## ASSIGNMENT
A verbatim repeat of the lines below is required, with the pictures removed.

## DATA PROVIDED

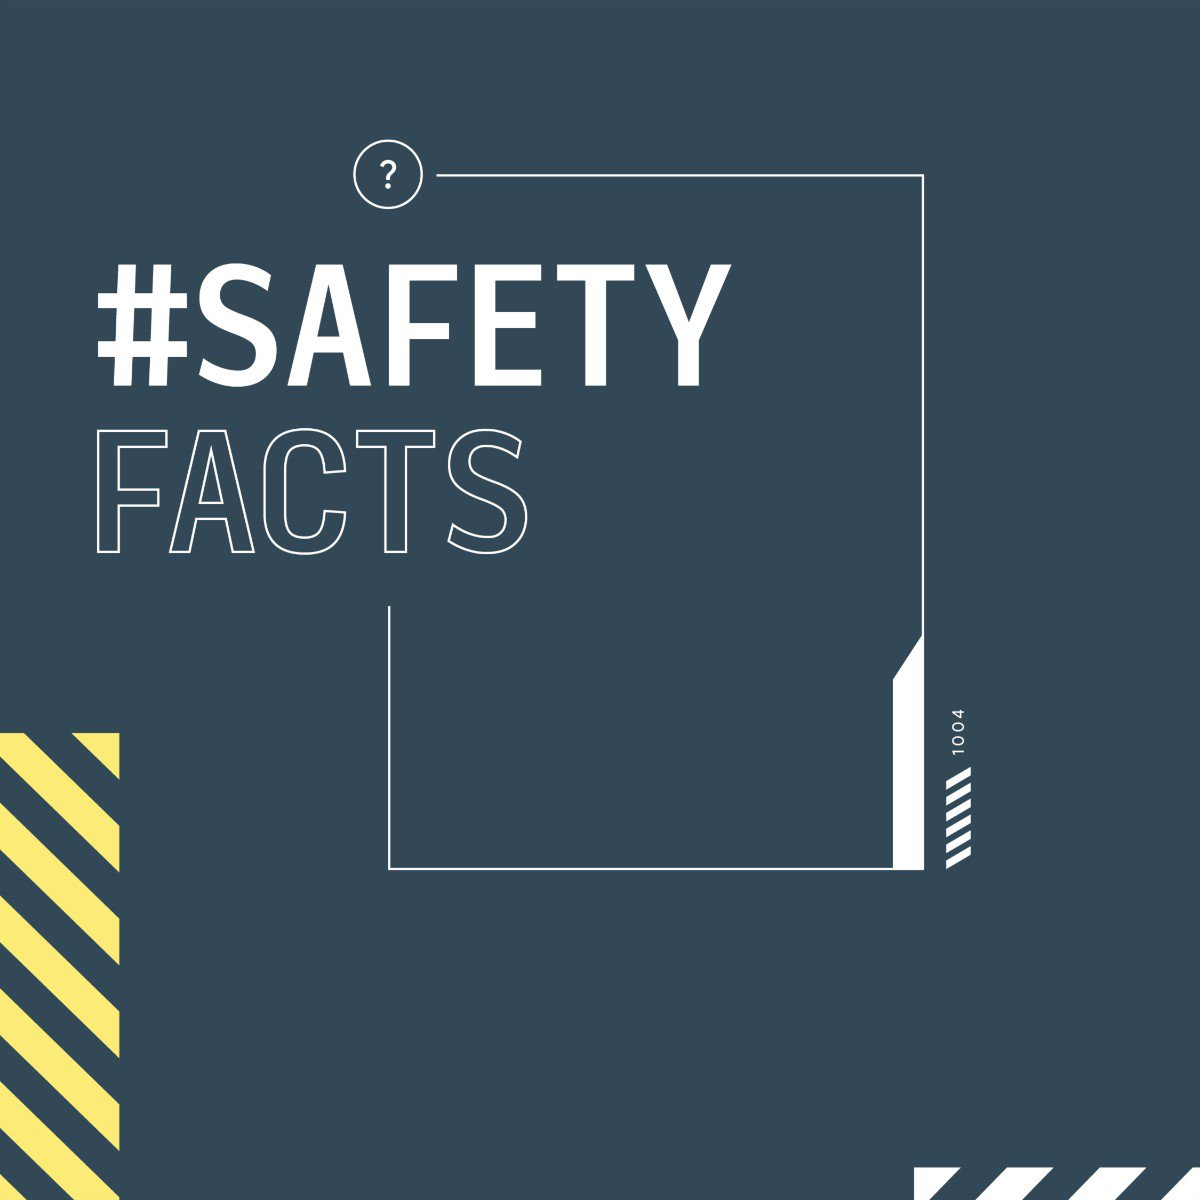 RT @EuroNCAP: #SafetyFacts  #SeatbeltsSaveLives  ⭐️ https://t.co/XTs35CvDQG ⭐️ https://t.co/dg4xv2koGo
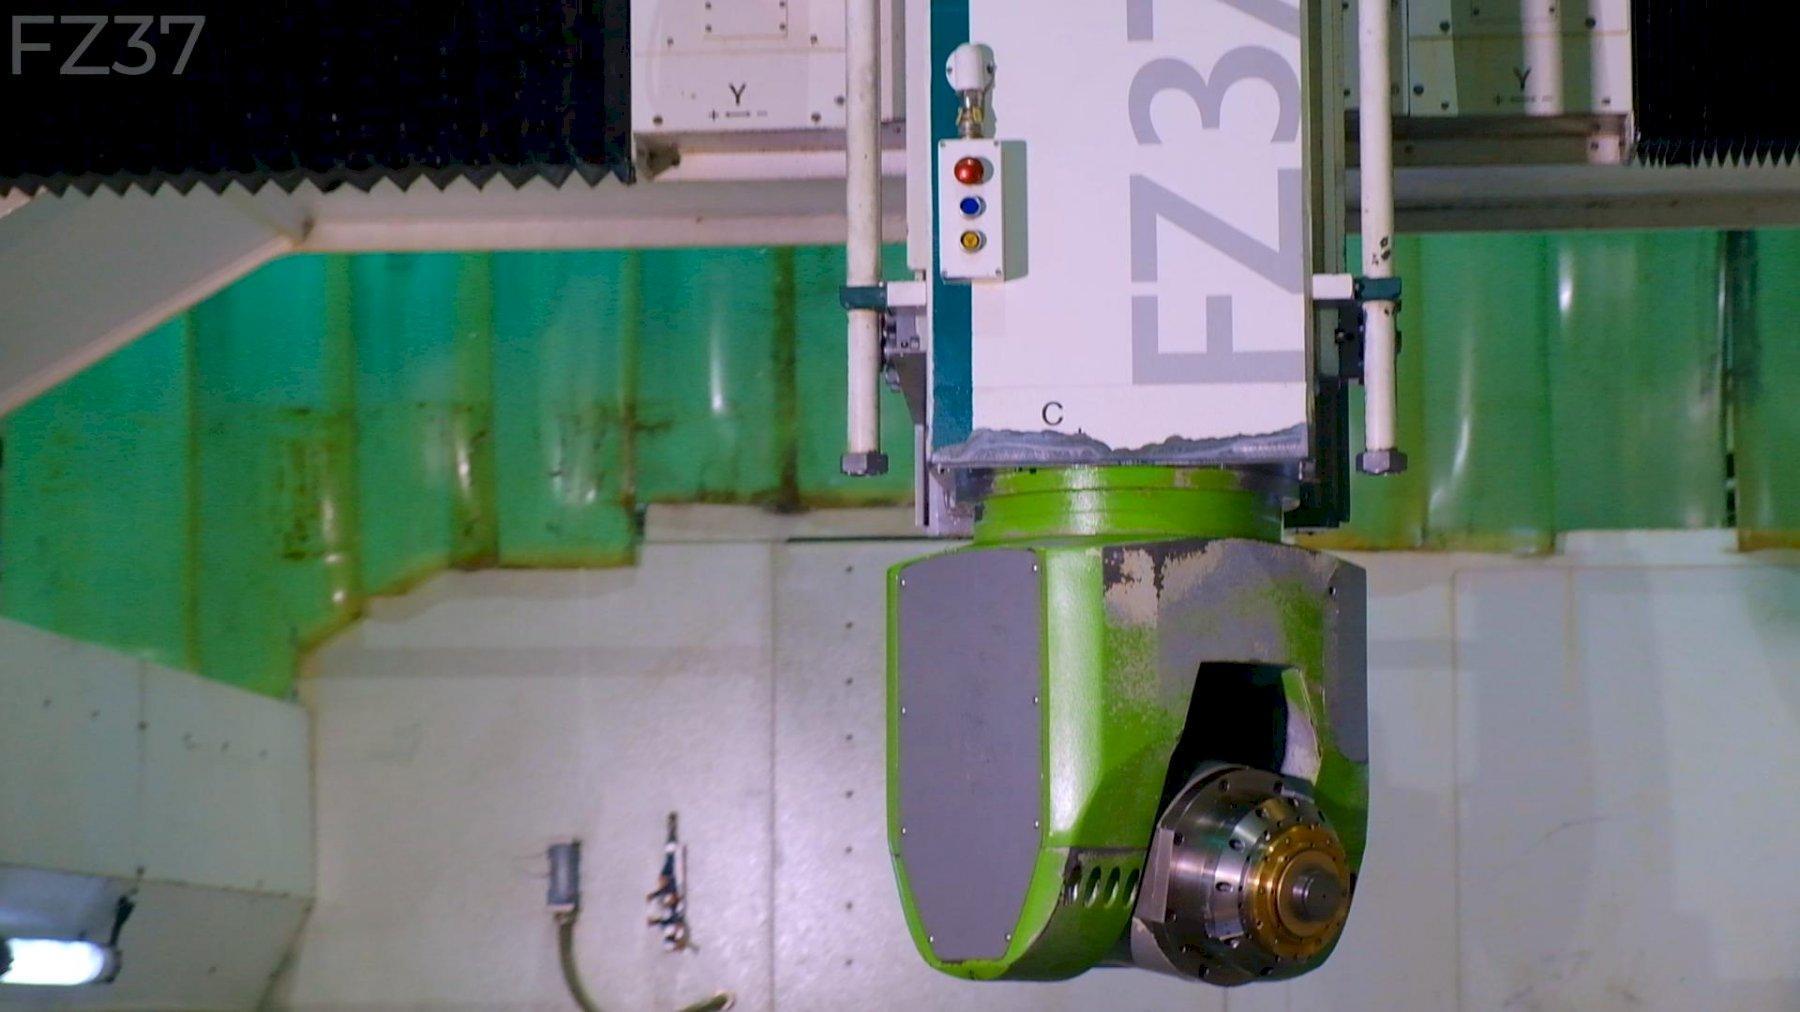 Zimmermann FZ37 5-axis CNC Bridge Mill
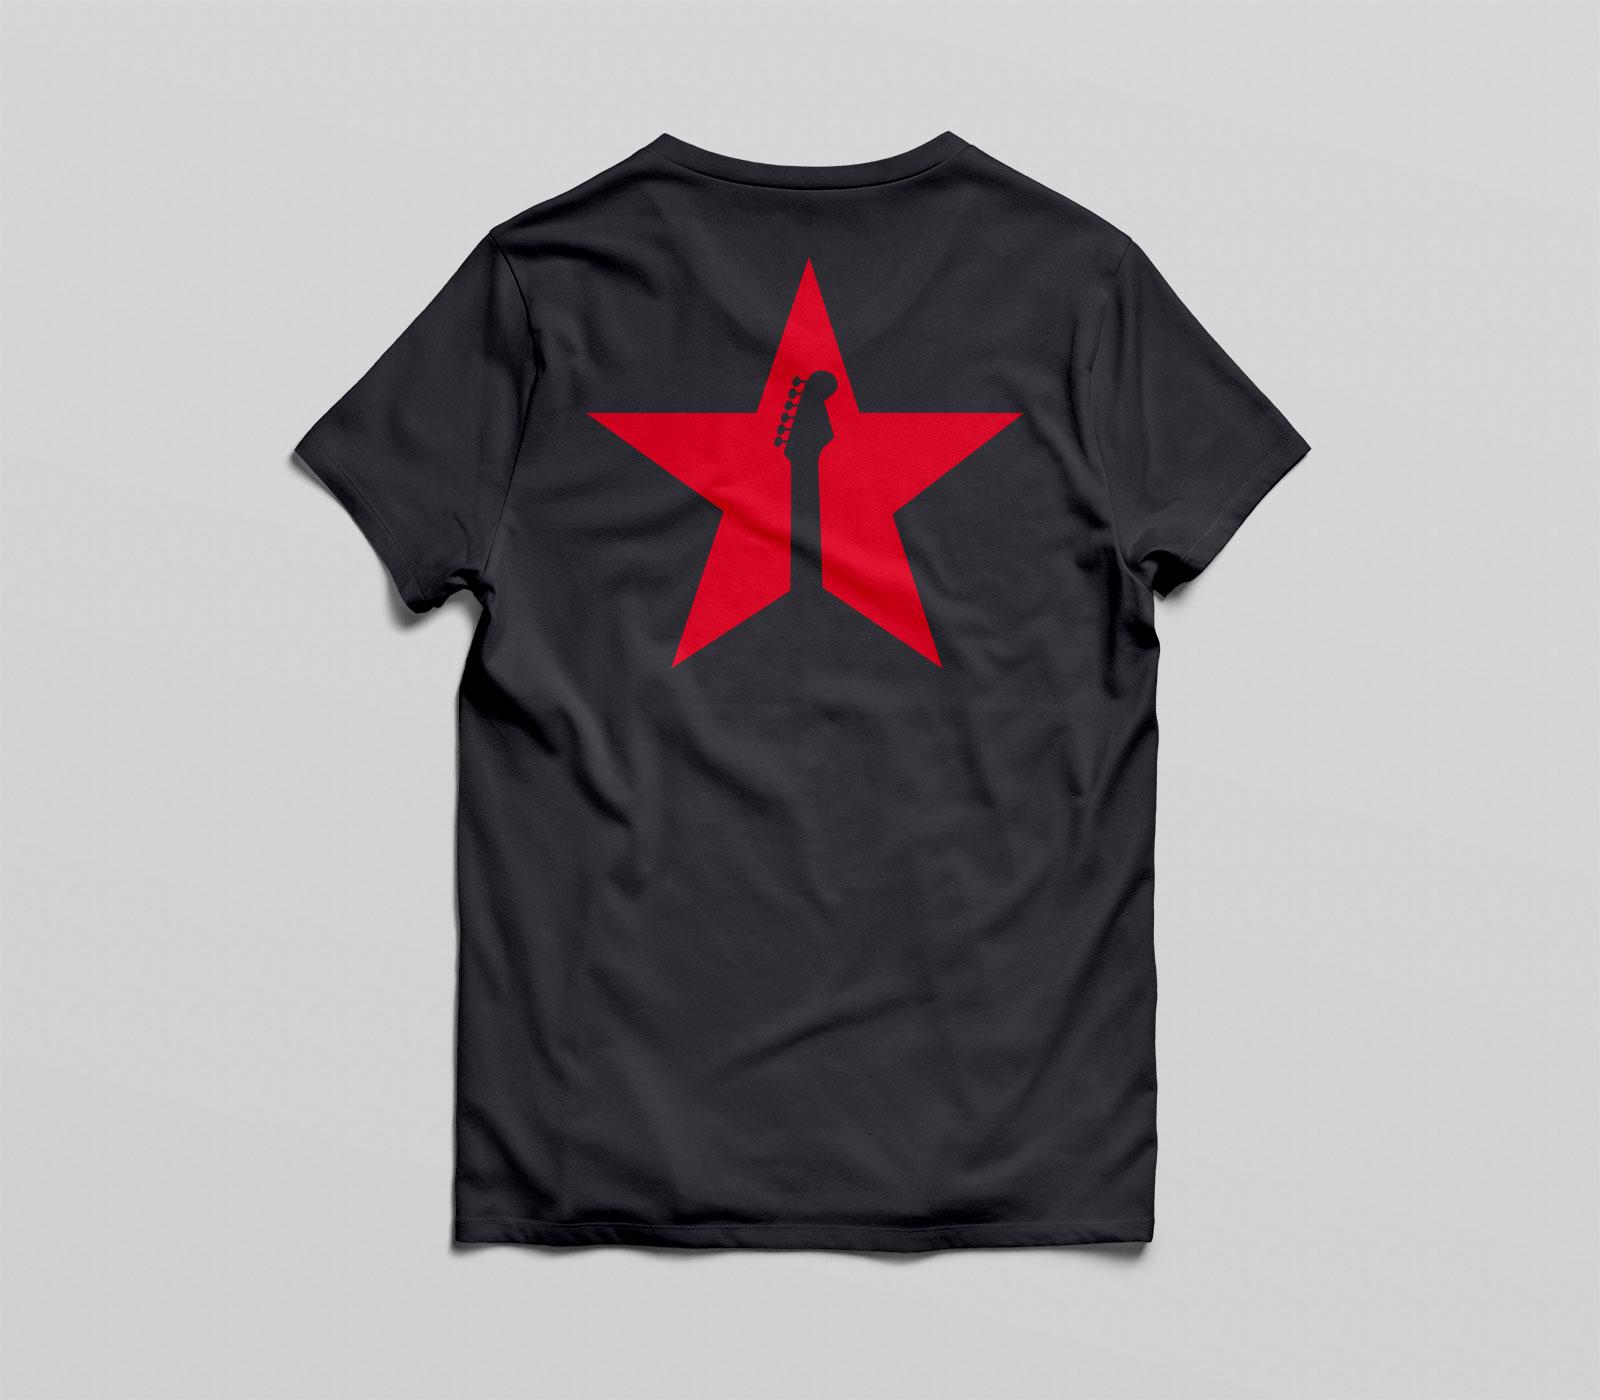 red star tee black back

## ANSWER TO THE EXERCISE
 RT @EuroNCAP: #SafetyFacts  #SeatbeltsSaveLives  ⭐️ https://t.co/XTs35CvDQG ⭐️ https://t.co/dg4xv2koGo
 Zimmermann FZ37 5-axis CNC Bridge Mill
 red star tee black back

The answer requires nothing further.